The estimated coefficients for F0 contour in both cooperating and conflicting conditions, and the effects of cues being cooperating or conflicting were examined in relation to individual CI listeners’ identification accuracy measured with naturally-produced sentences (see Table 3, last column for detailed scores for CI subjects). These listeners’ identification accuracy with naturally-produced stimuli was found to be significantly correlated with the estimated coefficient for F0 contour in the conflicting condition (r = 0.686; p = 0.010), but not with that in the cooperating condition (r = 0.528; p = 0.064). Further, the correlation between CI listeners’ identification accuracy with naturally-produced stimuli and the effect of cues being cooperating or conflicting was also not found to be statistically significant (r = 0.210; p = 0.491).

DISCUSSION

Although multiple acoustic cues may contribute to the perceptual identity of a speech contrast in natural speech, these cues are not always available to listeners cooperatively. Listeners’ integration of acoustic cues has been shown to depend on the degree to which acoustic cues cooperate or conflict [Eilers et al., 1989; Kazan and Rosen, 1991]. This study examined the effects of the two acoustic cues, F0 contour and intensity cues being cooperating or conflicting on speech intonation recognition via electric hearing (as with CI listeners and NH listeners with CI acoustic simulations) and acoustic hearing (as with NH listeners under the full-spectrum condition). The effect of acoustic cues (F0 contour and intensity patterns) being cooperating or conflicting was found to be significant on speech intonation recognition by CI listeners with full-spectrum stimuli, as well as by NH listeners under spectrally degraded conditions (acoustic CI simulations). On the other hand, whether or not cues being cooperating or conflicting was not found to have any effect on intonation recognition by NH listeners with full-spectrum stimuli. These findings suggest that different auditory experience (i.e., electric hearing via a CI or acoustic CI simulations vs. acoustic hearing by NH listeners) contributes to the extent to which listeners’ intonation recognition would be affected by acoustic cues being cooperating or conflicting. This is consistent with previous findings on speech perception in relation to acoustic cues being cooperating vs. conflicting cues [e.g., Eilers et al., 1989]. These findings collectively suggest that auditory experience (or the type of auditory inputs) plays an important role in speech perception, and this study provides evidence that such effects are extended to recognition of prosodic properties speech, particularly speech intonation that signifies question and statement contrasts.

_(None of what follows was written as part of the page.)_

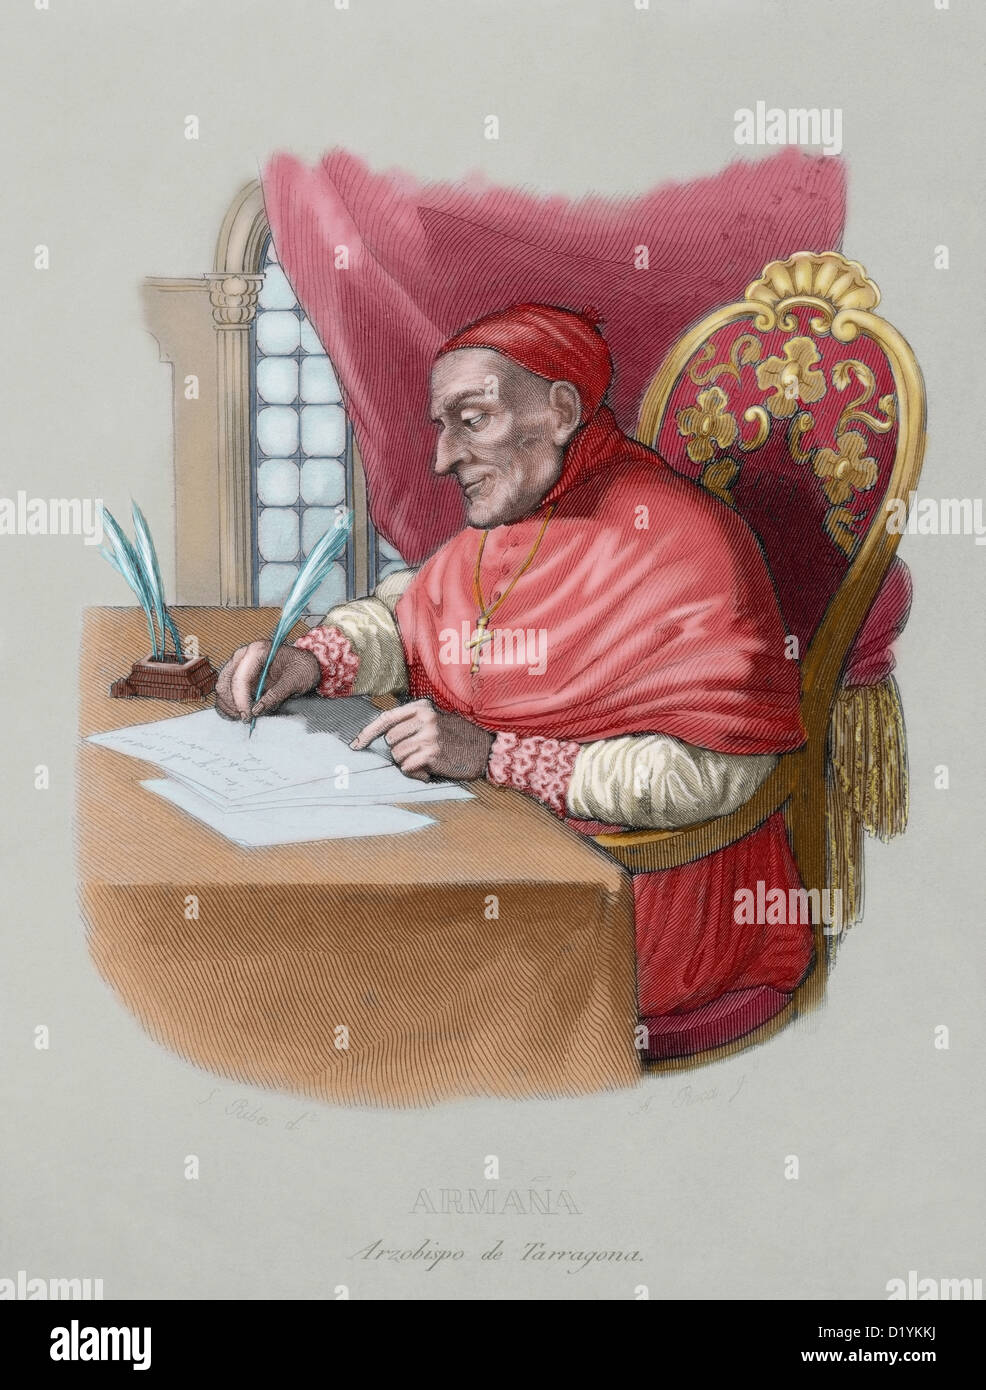 Francisco Armanya Font (1718-1803). Ecclesiastical and theologian. Colored engraving. Stock Photo

Only four listeners in the NH group participated in this study. These four NH listeners, however, exhibited fairly uniform response patterns, with both full-spectrum and spectrally degraded stimuli. Specifically, these NH listeners’ intonation recognition was adversely affected under spectral degradation (as seen in the 8- and 4-channel conditions) when the F0 contour and intensity cues were conflicting, but was not affected at all when they attended to full-spectrum stimuli. These results are consistent with previous findings regarding the adverse effect of cues being conflicting on speech perception [Eilers et al., 1989; Kazan and Rosen, 1991], and further suggest that the effect of cues being cooperating or conflicting may be relatively evident when in challenging conditions, particularly under spectral degradation.

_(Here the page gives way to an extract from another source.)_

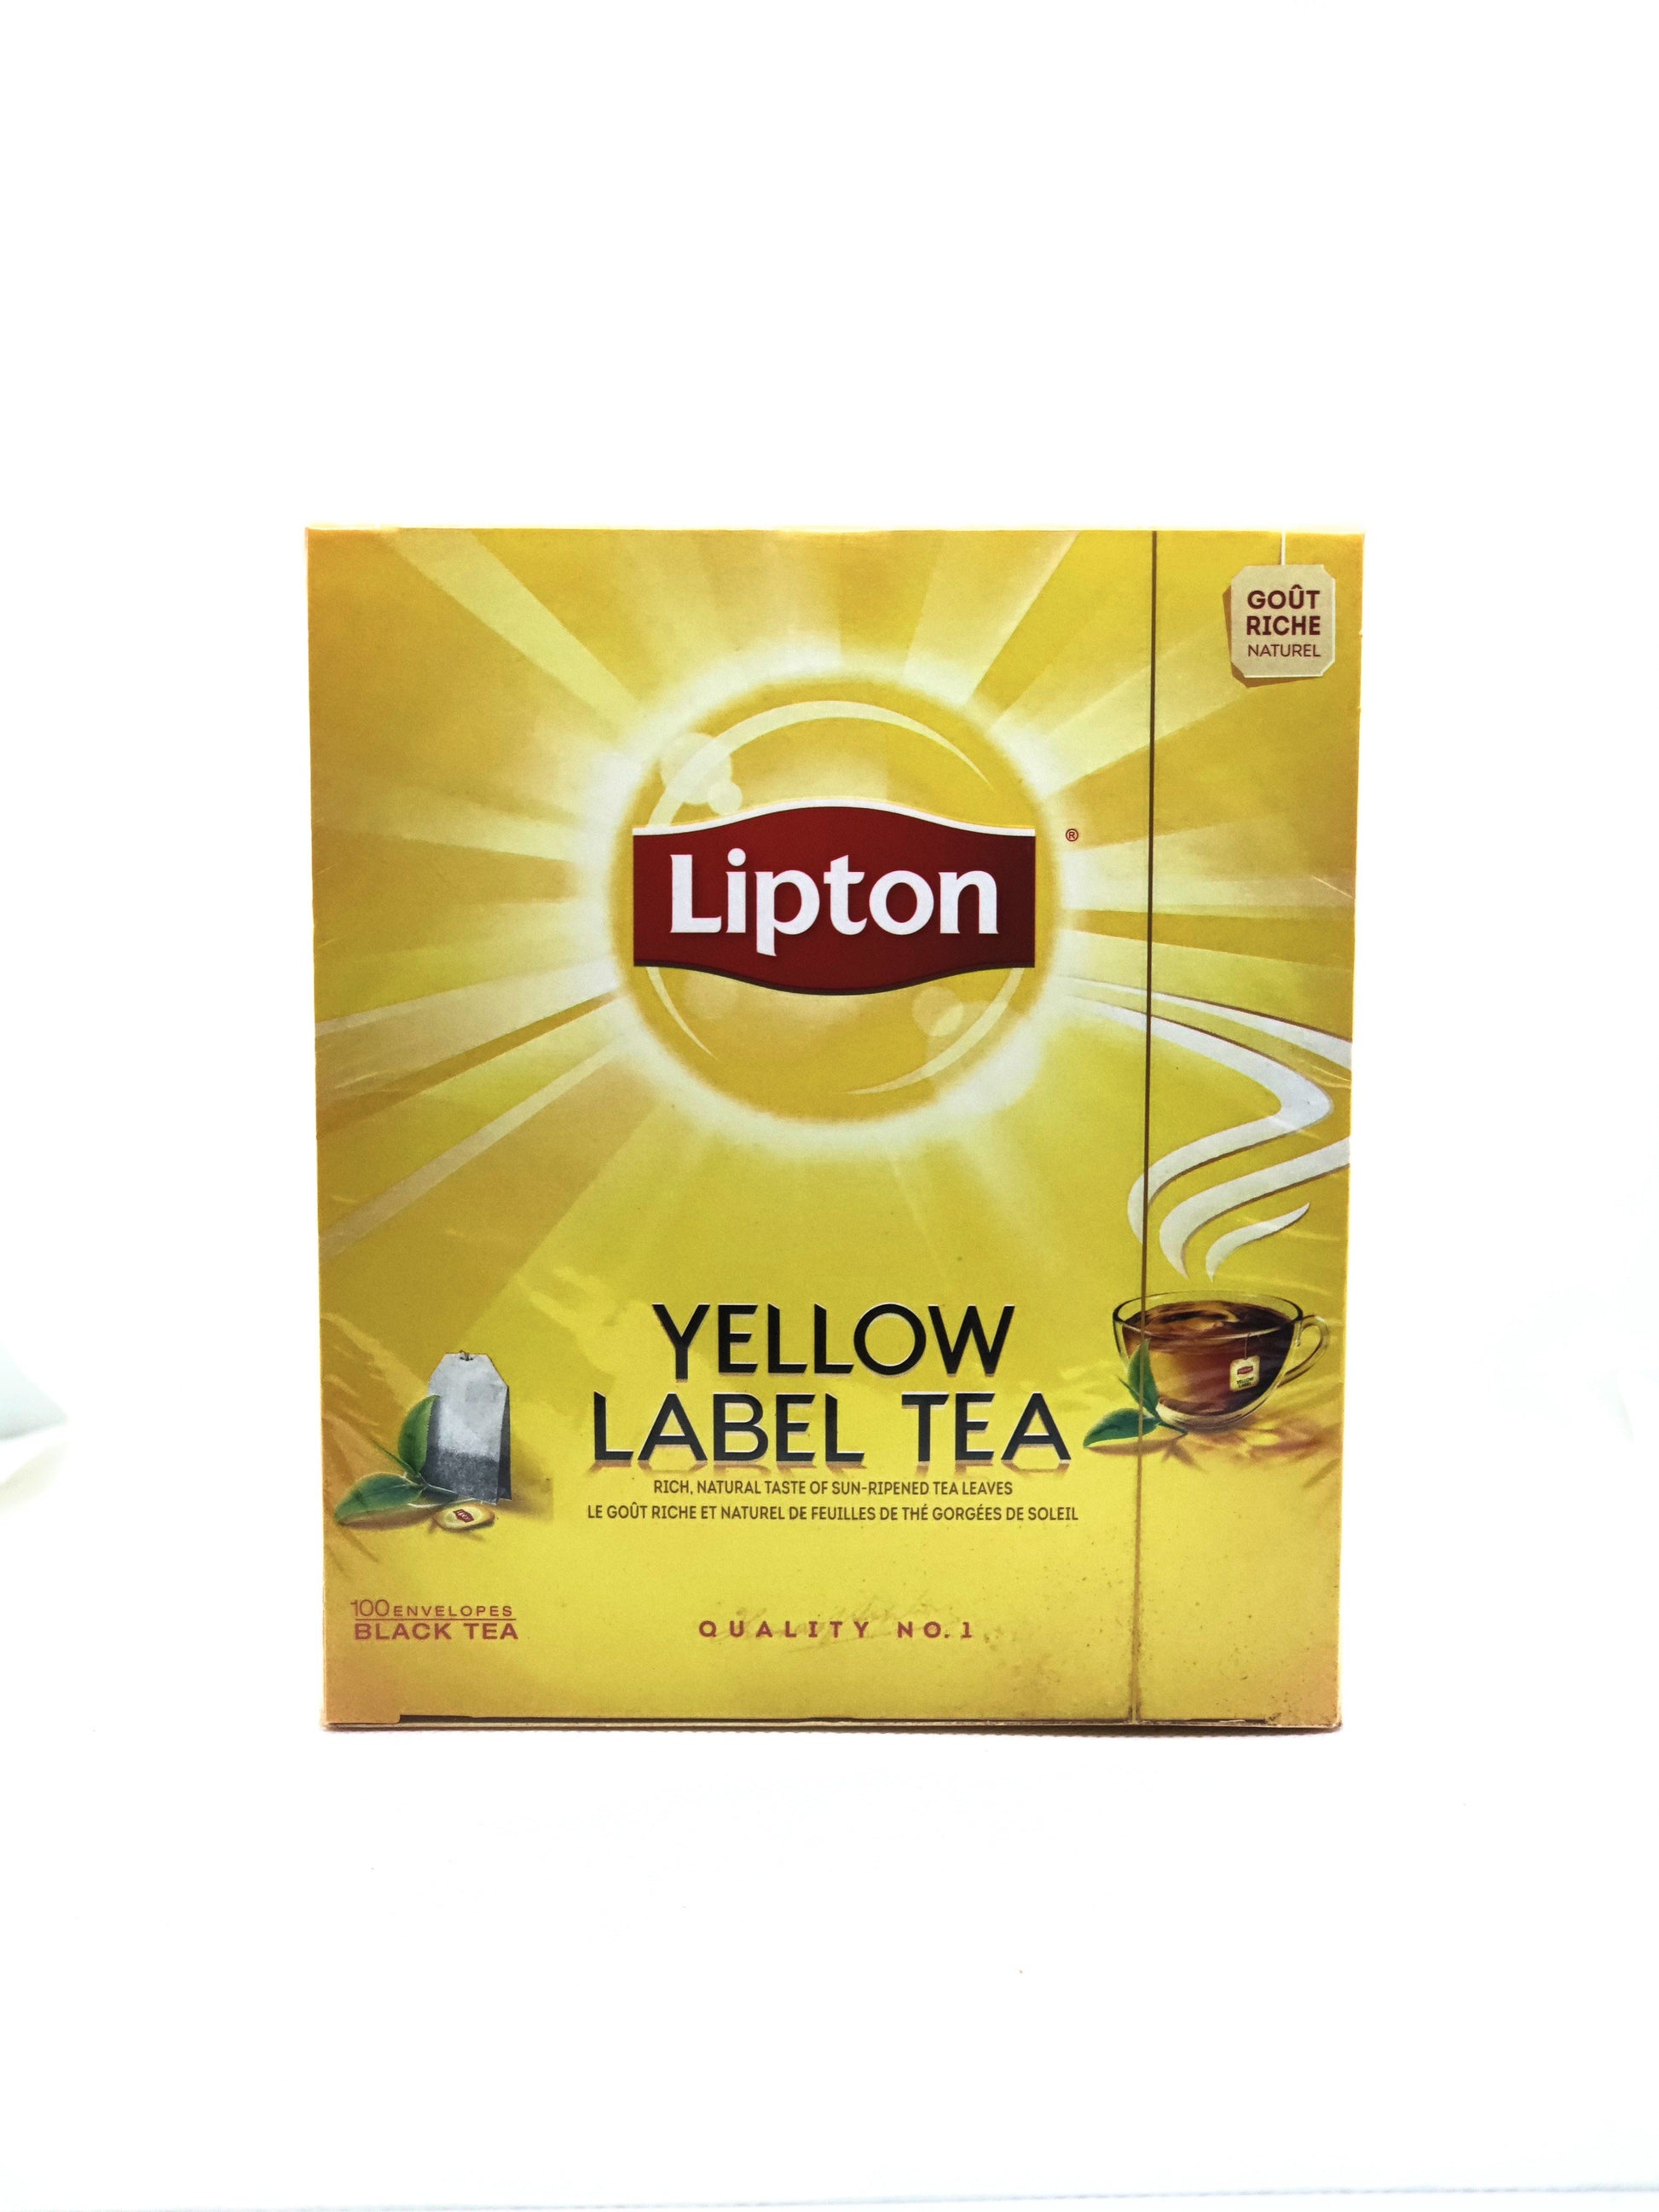 200 gram box of lipton yellow label tea

Recognition of prosodic properties of speech, such as lexical tones and intonation has been reported to be one challenging aspect in speech perception for CI listeners. This can be attributed to the limited spectral resolution critical for F0 information via the speech coding of contemporary CI processors [Faulkner et al., 2000; Geurts and Wouters, 2001; Green et al., 2002, 2004]. The present results indicated that under spectral degradation (as with CI listeners and NH listeners under acoustic CI simulations), speech intonation recognition is adversely affected when F0 contour and intensity cues are present in conflict than cooperatively. In naturally-produced utterances, it is not uncommon that multiple acoustic dimensions become available to listeners in conflict [Eilers et al., 1989; Kazan and Rosen, 1991]. These results suggest that conflicting cues present in speech may possibly make it extremely challenging for CI listeners’ recognition of intonation that signifies question and statement contrasts.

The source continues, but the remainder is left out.